The latest products showcased

Apart from the sessions, there was also a community showcase area in which all of the partners and sponsors had their own unique ways of catching the participants’ attention. Needless to say there were lots of freebies, and we managed to checkout other product demos and ask questions in detail. One nifty product by Trifacta called Wrangler allows easy cleaning and preparation of data through drag & drop functionalities so data can be visualized smoothly. With this, business users can manipulate and pull appropriate data according to the reports they need to generate.
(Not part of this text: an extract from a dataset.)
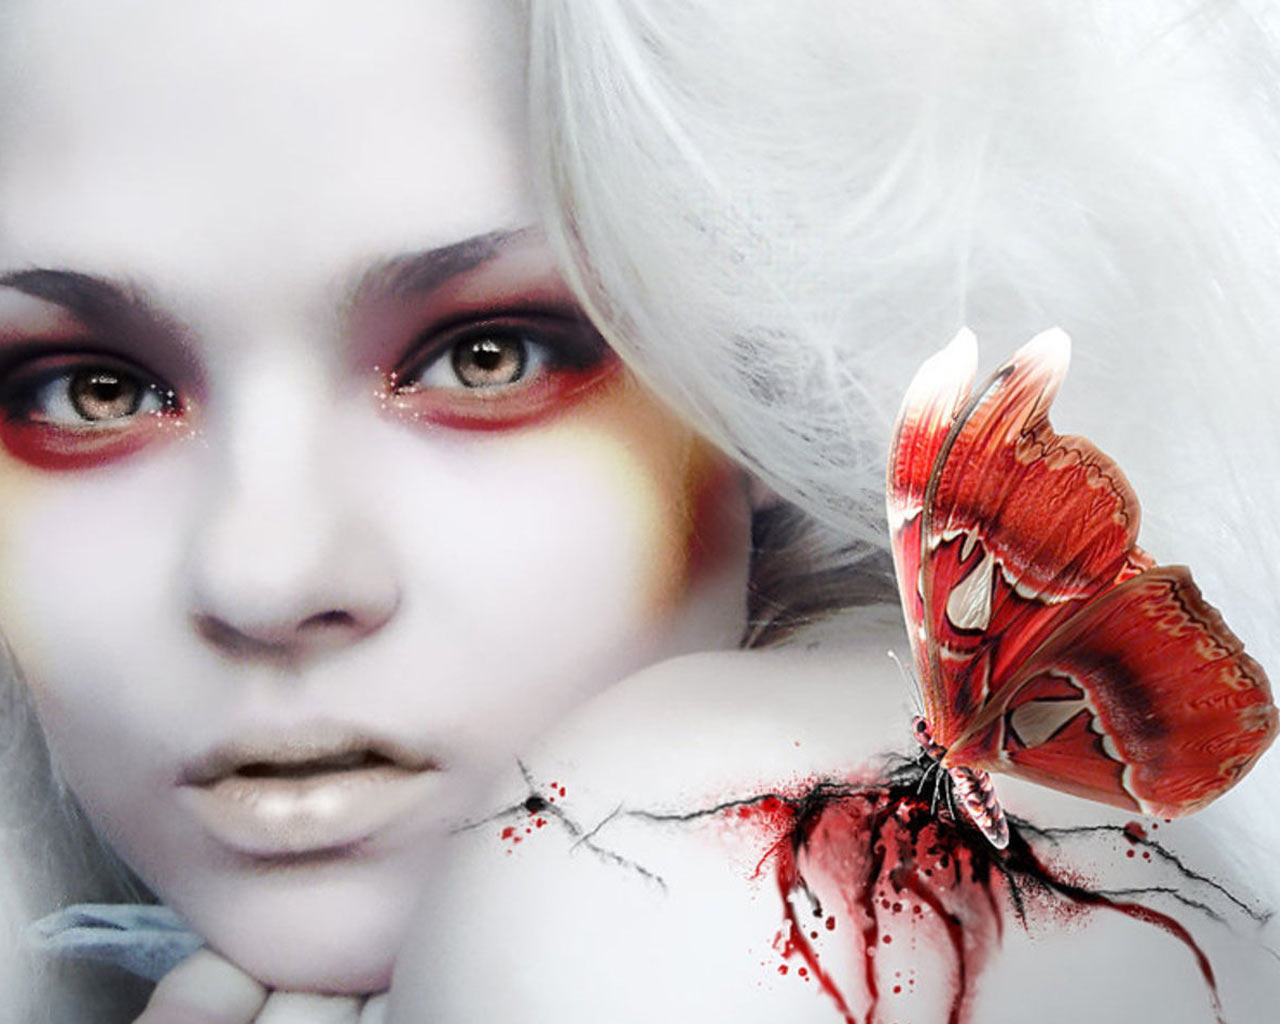 http://4.bp.blogspot.com/-LF6xG62iYSU/T__blMZF9HI/AAAAAAAADY8/VQQBsyaoDlw/s1600/Vampire_Weekend-Wallpaper.jpg

Gone are the days when you need engineers just to prepare the data for consumption. Several hardware vendors are also there showcasing their products such as switches, storage, racks, servers and network devices. Now, you don’t need expensive hardware to deploy Big Data infrastructure, commodity hardware from Edgecore, Quanta and SuperMicro can be used to support complex analytics jobs.

Party time! Great DJ, laser lights, dance music, games and unlimited food and drinks!

The next 10 years

All throughout the event, I kept thinking how overwhelming it was to see how big the community has gotten, and how many of the biggest enterprises in the world now leverage on the technology. It is a confirmation that digital transformation is not just a fad, but is a MUST, and that data will be the most precious asset of any company. It’s exciting to think about what happens next and how technology will shape the world in the next 10 years. I hope to see more companies from the Philippines participating in the next Hadoop Summit events. Let’s show the world what Filipinos are capable of!